The air is Crisp with the fragrance of Old Bay Seasoning and Steamed Blue-Claw crabs as we pull into the slip at the Crab Claw Restaurant in St. Michael's, Maryland, a favorite port of call. It's leisurely Chesapeake dining at its finest; white paper lined picnic tables with personal paper towel dispensers and wet naps galore; A pitcher of beer and you're well prepared to sit back and watch the boats go by as you pick crabs, and feed the baby ducklings who eagerly await your seasonal arrival.
They're not at all shy, and we happen to be here just as the the mother begins her first lesson of the day: panhandling 101.

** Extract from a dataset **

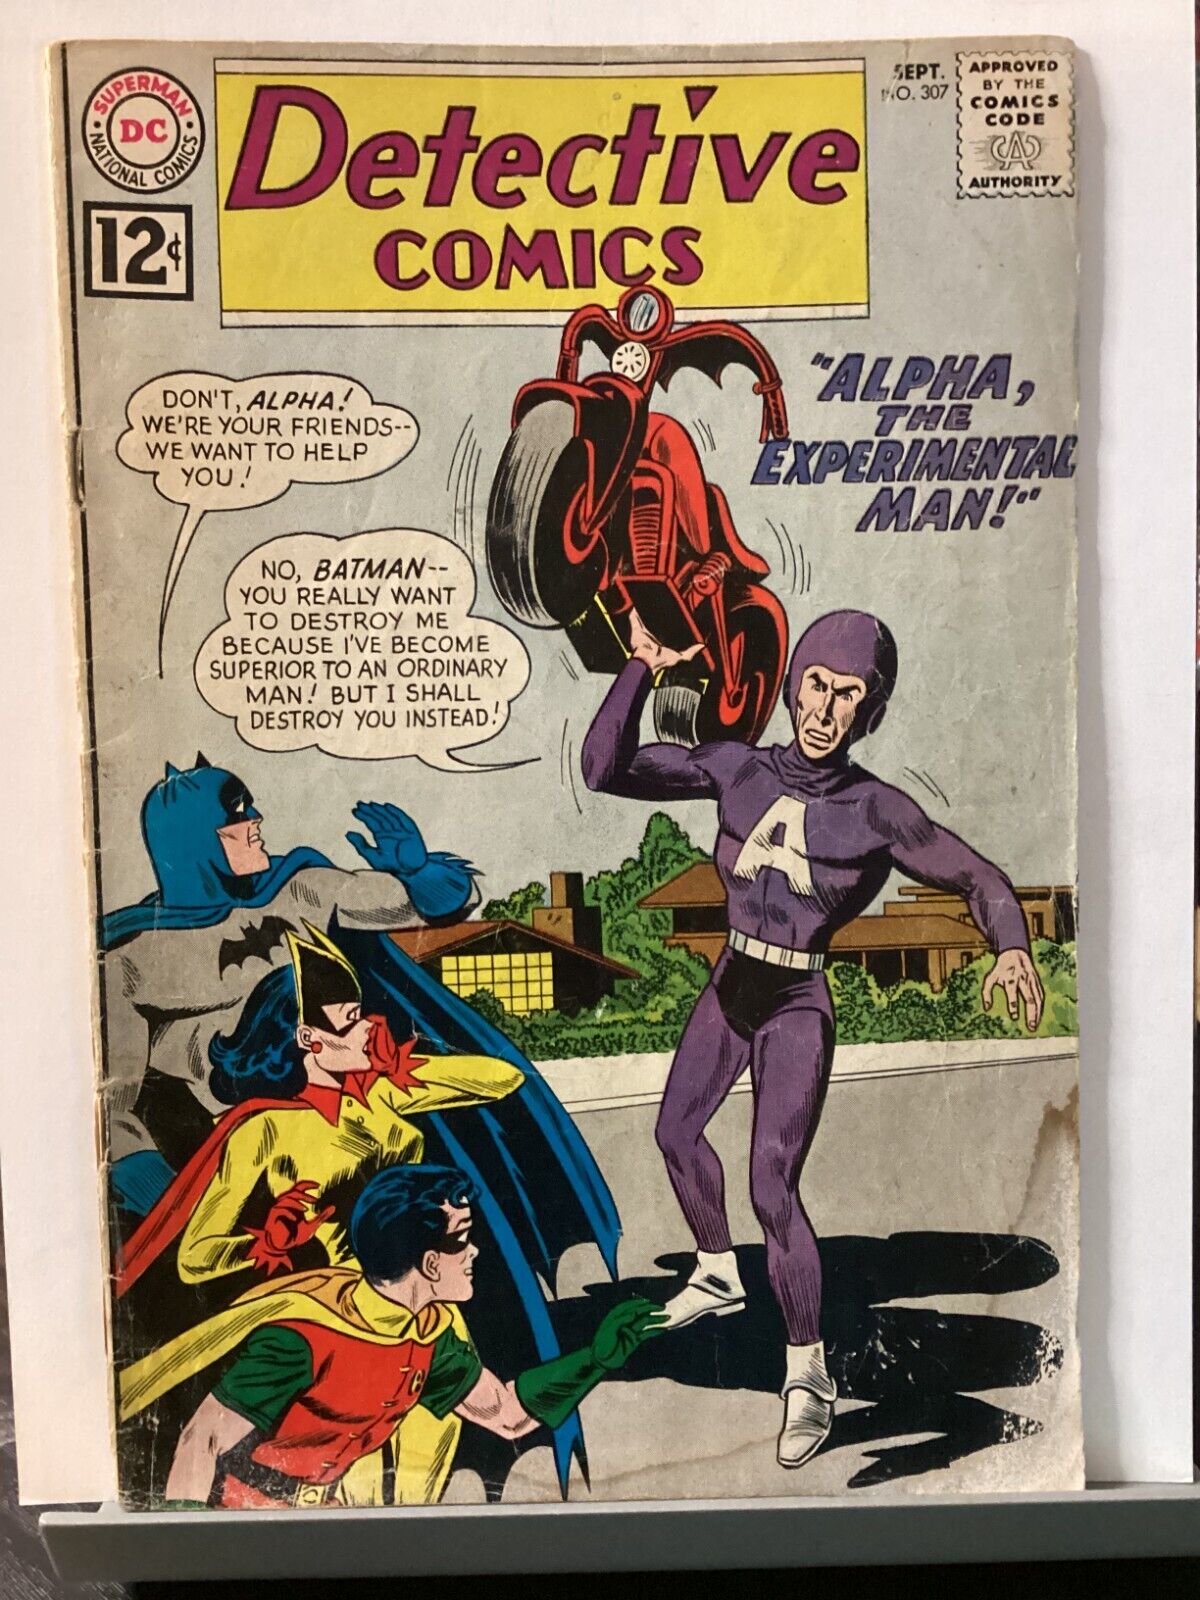 DETECTIVE COMICS #307 DC 1962 ALPHA EXPERIMENTAL MAN MOLDOFF SILVER AGE BATMAN

Lesson 1: Waddle by and look cute.
She's brought them ashore and they follow her along the edge of the dock where the tables are, ready to receive crackers and bits of crab from folks like us who can't resist. When they've had their fill, it's time for
Lesson 2: Jumping from the dock into the water below.
Without warning, mom lifts off and changes local. The ducklings protest, "cheep, cheep, cheep, cheep!" They pace back and forth, unsure of what to do next, awaiting her able guidance. The mother dips the lower half of her beak in the water and flicks it up towards the ducklings suggesting it's their turn. We all wait with bated breath. It's a good four feet down, and they're all but a few ounces of fluff. They pace and cry some more. She continues to encourage, despite their campaign, gradually getting a little farther away. It's more suspenseful than any soap opera I've seen. The chirping subsides and the ducklings resign, one by one and take their own personal plunge. Everyone sighs.
Lesson 3: Moving On.
Although there is a guaranteed meal here, you must learn to fend for yourselves, to find food of your own.

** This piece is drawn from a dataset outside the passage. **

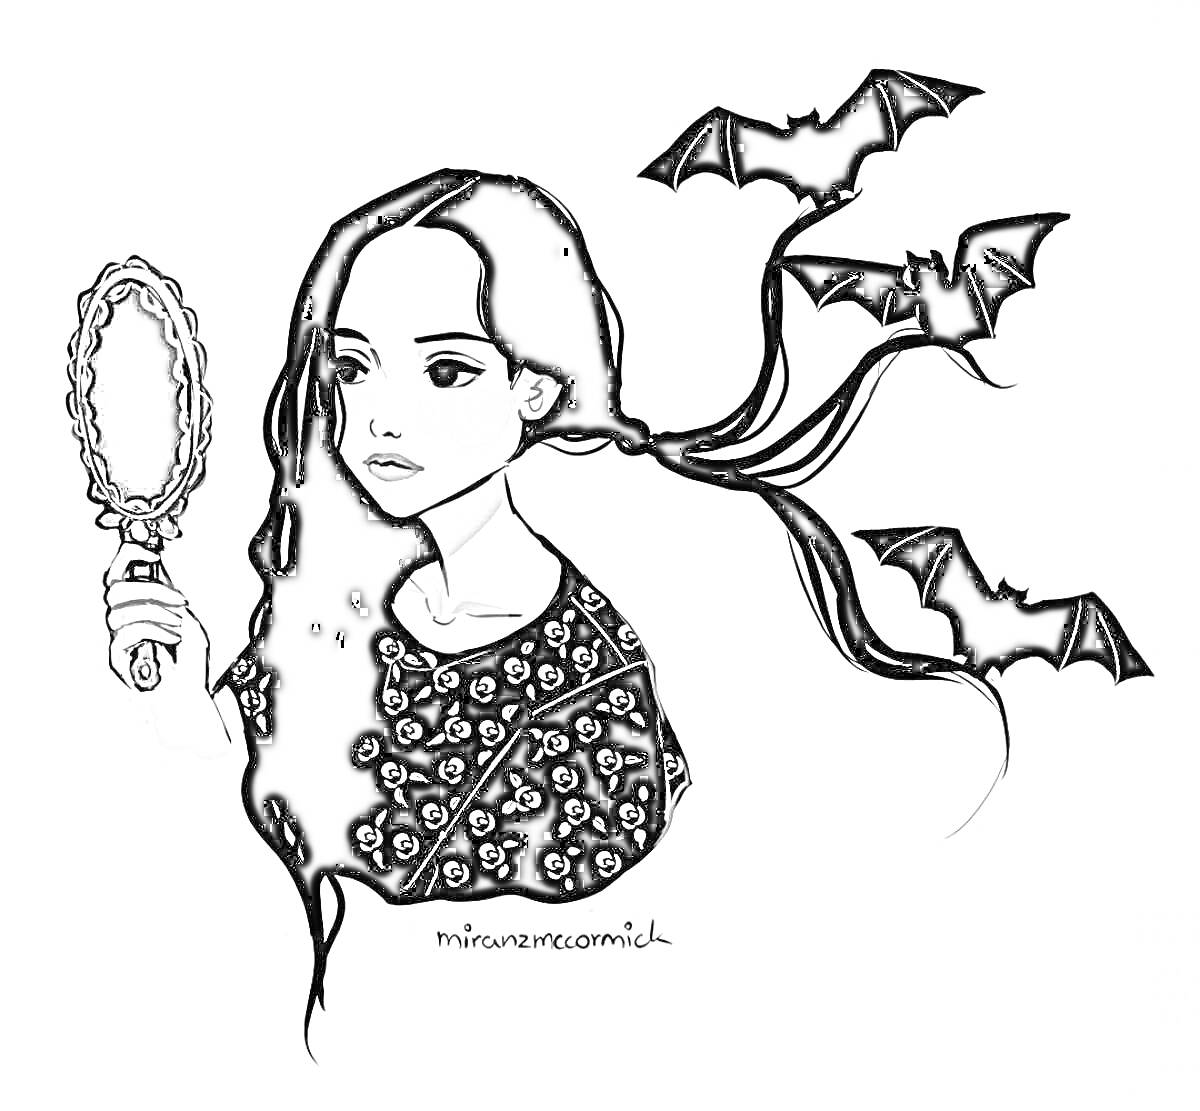 Раскраска Девушка с длинными черными волосами, держит зеркало, черные летучие мыши, черный наряд с узором черепов

There are plenty more lessons to be learned before they take a maiden voyage of their own; lots of tinkering and tending to, before they become seasoned mates. But their Captain is able and certain of their potential for independence. Deep down she knows that soon they'll want to stray without her encouragement. Soon they'll be less eager for family adventures, less dependent on parental lessons and more eager to take personal plunges of their own. Personal plunges outside of Saint Michaels;outside of the security of what The Crab Claw can provide: lessons that only the great body of the Chesapeake Bay can teach.
Despite our Campaign,
One young Spring Day they'll motor off to their own destinations, seasoned now and ready for whatever the Chesapeake Bay has to offer,
Prepared to fend for themselves, to find food of their own.
"Today, I am amazed at the things my children have done, and their wide range of interests. They are all living their lives and not the ones I would have planned for them. But I have learned that their lives are theirs, not mine, and in living their own lives, they have given me experience and an education I would never have had if I had been fool enough to make them do what I thought they should do."